Much of the energy is absorbed by the black surface in the rear, which becomes warmer. This black surface radiates long wave infrared,
some of which is absorbed by the CO2 and methane. The greenhouse gases transfer the energy they have captured to their surroundings,
and the gases in the CO2 and methane rich containers become slightly warmer than the control containers with regular air.
Yes, it can be done! Way to go, Brandon!
There are many things Mythbusters does in the design of this demo that are essential for it to work -- we can attest to that from our own lab experience:
Energy source calibration, membrane materials choice, cold ambient temperature, mimimizing convective heat transfer,
quality gas content monitoring by Los Gatos Research, carefully constructed controls, etc.
Having Professor Kristie Boering as a science advisor!
The faulty demos reviewed do not even come close to doing the necessary steps to get authentic results.

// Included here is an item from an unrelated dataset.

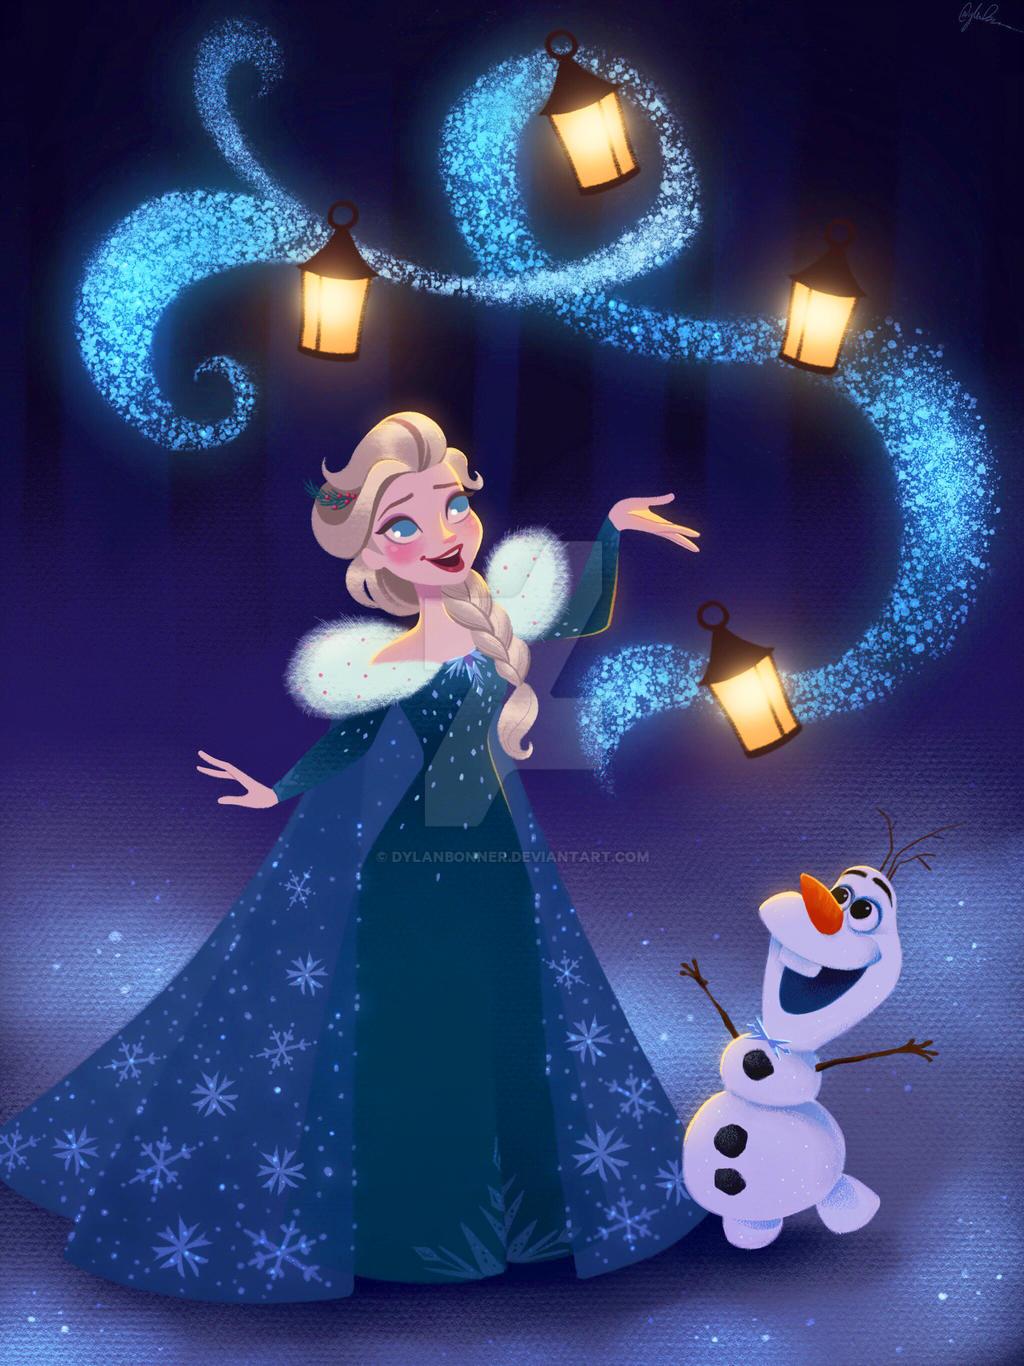 Olafs Frozen Adventure by DylanBonner on DeviantArt
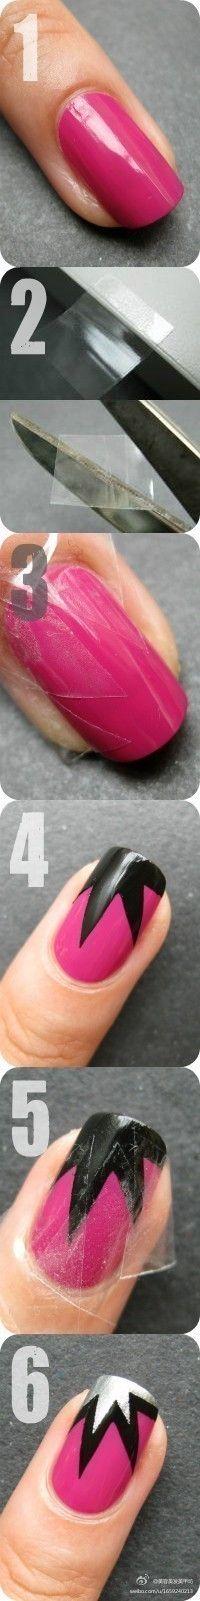 DIY nail fun!

Mythbusters reported a 1 degree Celsius differential temperature rise that held steady.
By contrast, where do claims of 9 degrees Celsius of differential temperature rise come from? -- as in one of the demos reviewed.
Why give students the impression that negative results they experience are an indication that warming doesn't really occur?
There are lots of ways kids can have fun melting some Jamie's, and still get the science right. They need valid demos to do it.
Episode SP11 – "Young Scientists Special" -- Original airdate: April 26, 2008 on Science Channel
Note to colleagues involved in designing authentic strong demos: IR lamps indeed have attractive qualities -- low cost, widely available, producing longer wavelengths than ordinary incandescents. We've used them for over a decade very successfully for demos related to the frequencies in which they operate.
Their spectrum sharply peaks in short wave IR. They are not so attractive for demos of the nature being discussed here.
We are experimenting with filters which pass IR wavelengths in the 4-5 micron range, exploring designs that can bring the cost down and make these accessible.
There are many challenges in taking this approach.
Not sure if it is a good one. We can share experience with each other on this.